All the photos showed male wolves – there are no signs they have found mates in the territory or that wolf packs have formed.
“Our members are out in the countryside and on the lookout for signs of a wolf pack, mainly by listening for their howls, but they have found nothing yet,” Dr Jean said.
Traces of fur found at the site where one of the wolves was seen were analysed.
The same DNA had been found in northern Germany, near Hamburg, and in Belgium, before the animal arrived in Brittany.
Some young male and female wolves leave the packs they were born into and cover large distances before either forming new packs or living solitary lives.
The ID cards Dr Jean developed use 10 points to identify wolves, including the colour of the facial mask, the presence of a mark at the jaw hinge, the colour of fur around the eyes, marks on the head, the colour of fur over the spine, a “saddle” mark just behind the shoulders, irregular marks on the whole body and the presence (or not) of a line down the tail.

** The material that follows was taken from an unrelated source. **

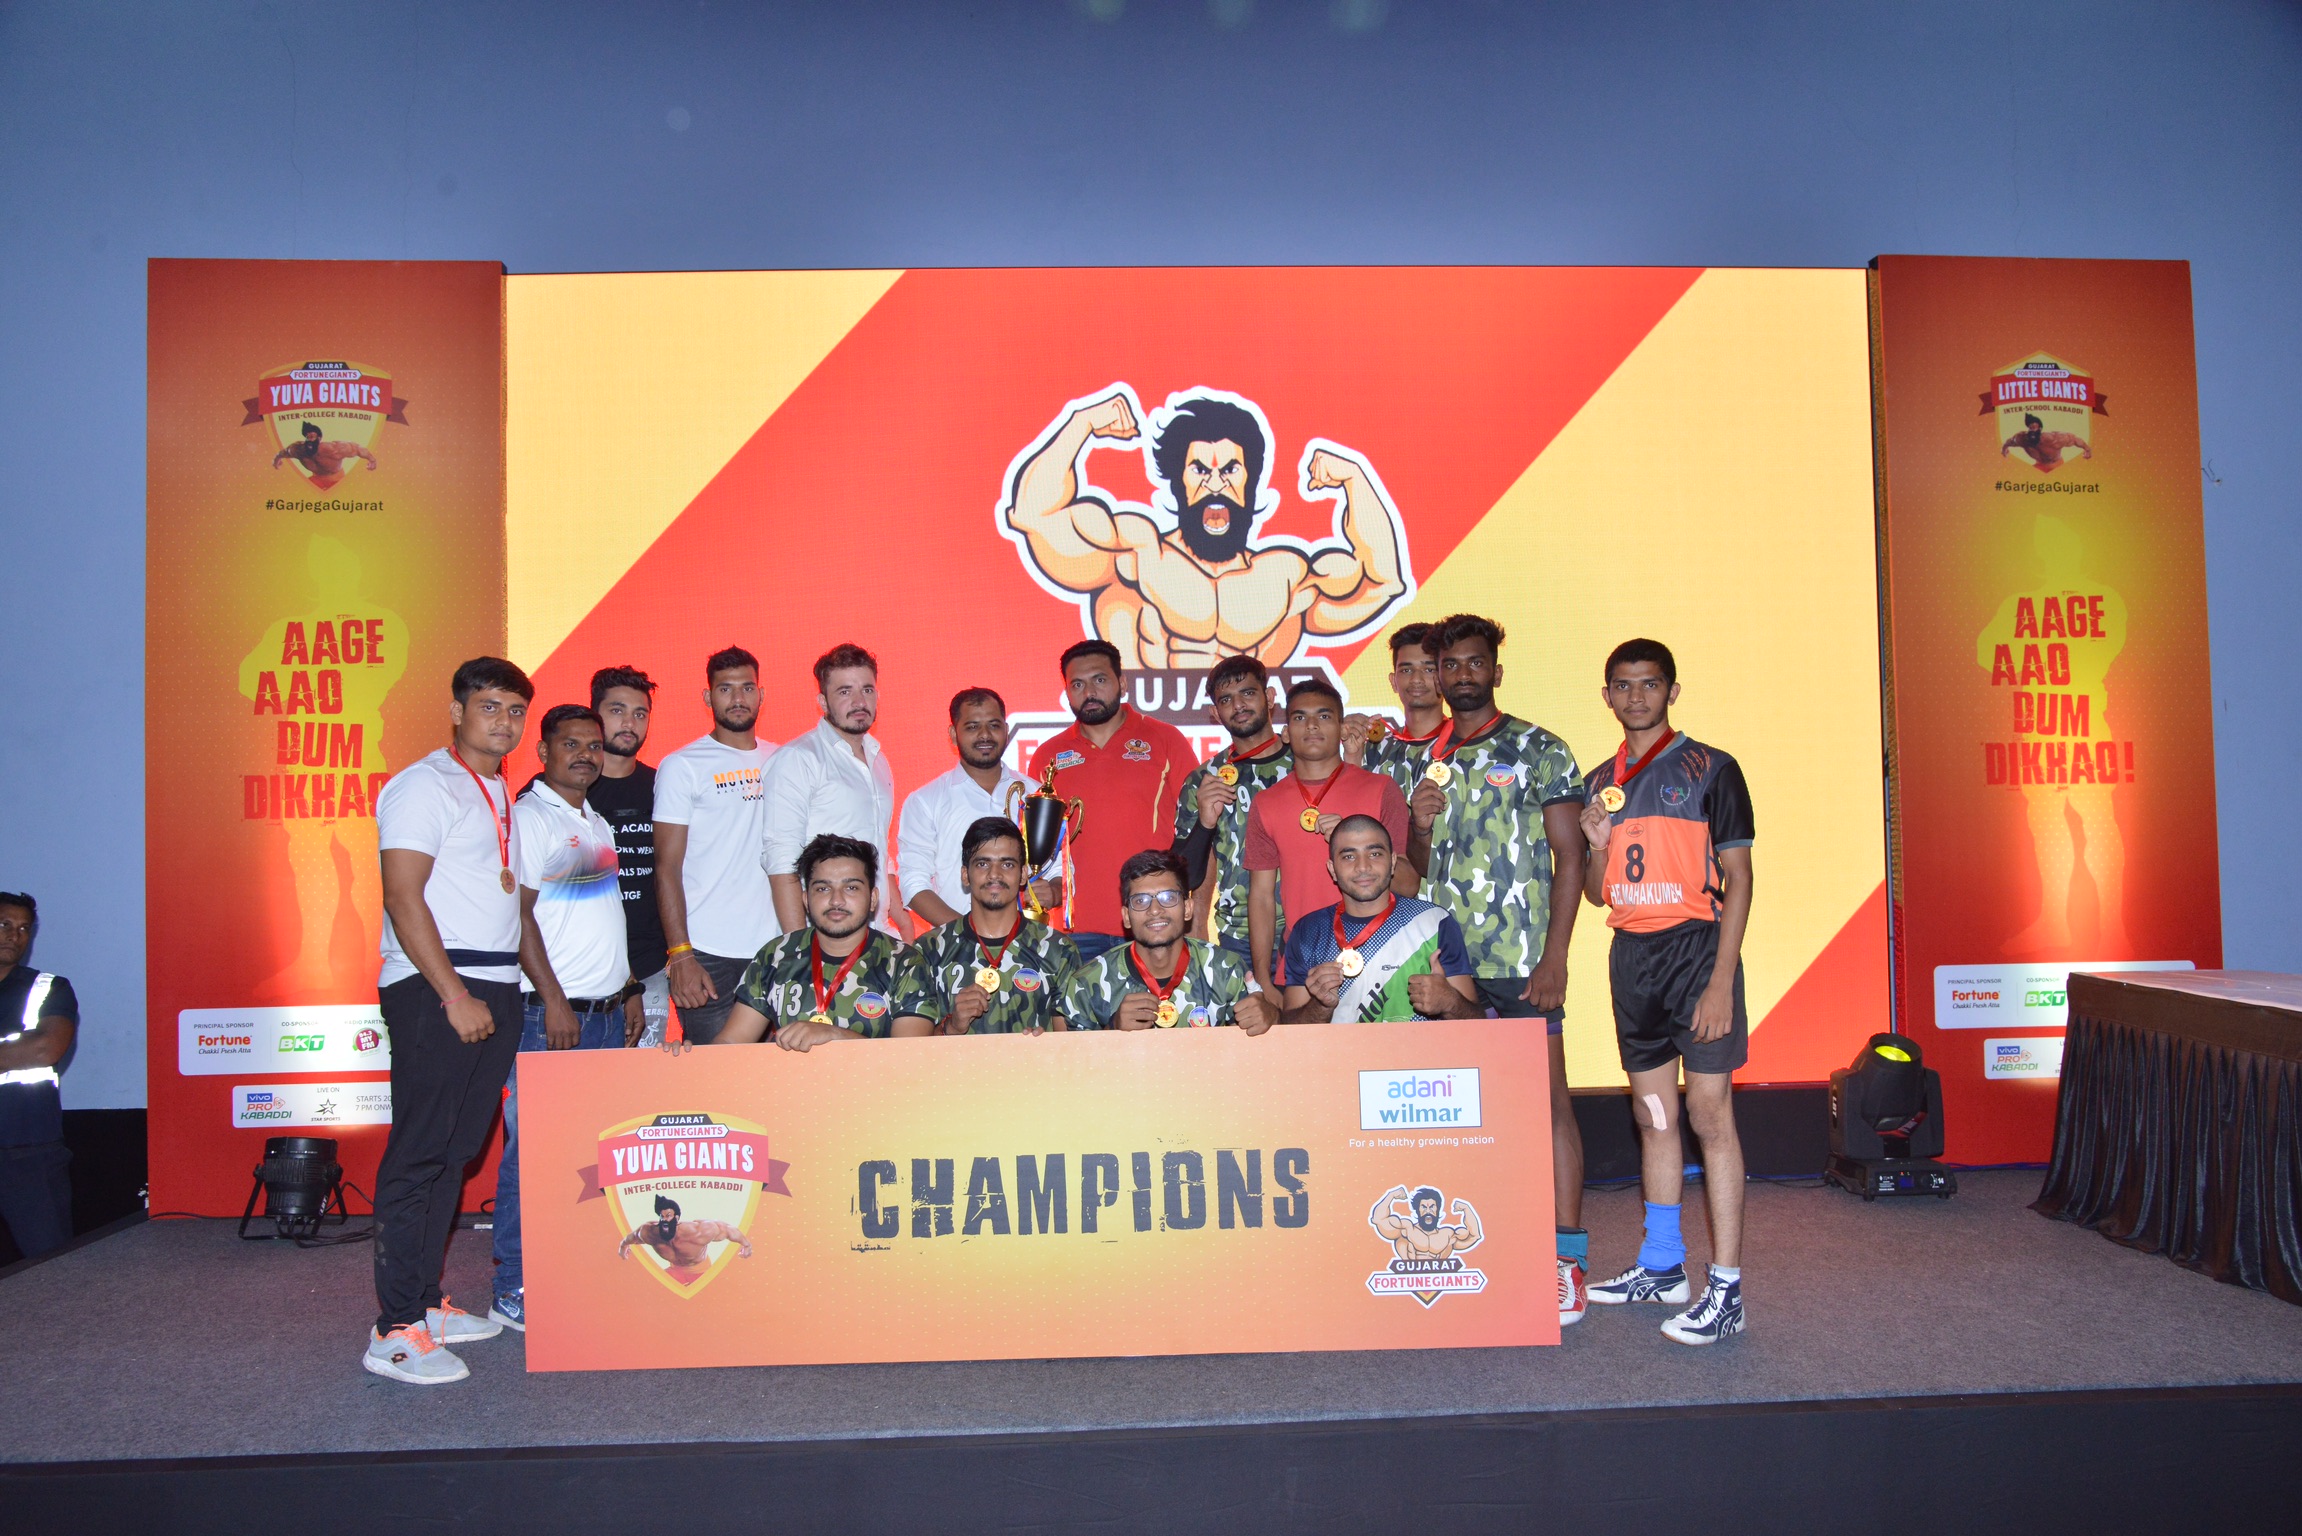 Surat teams lift Little, Yuva Giants kabaddi trophies

He hopes that other wildlife groups in France and elsewhere will adopt it.
“My passion for wolves started in my early 20s, when I went with a friend to find some in the mountains of Galicia in Spain,” he said.
“We saw lots of signs, but no wolves that time, but I went back in winter and sat in a hide on the edge of a wood for hours, and managed to see one for a couple of minutes at dawn.
“It was an almost mystical experience in the half light, and I never forgot it.”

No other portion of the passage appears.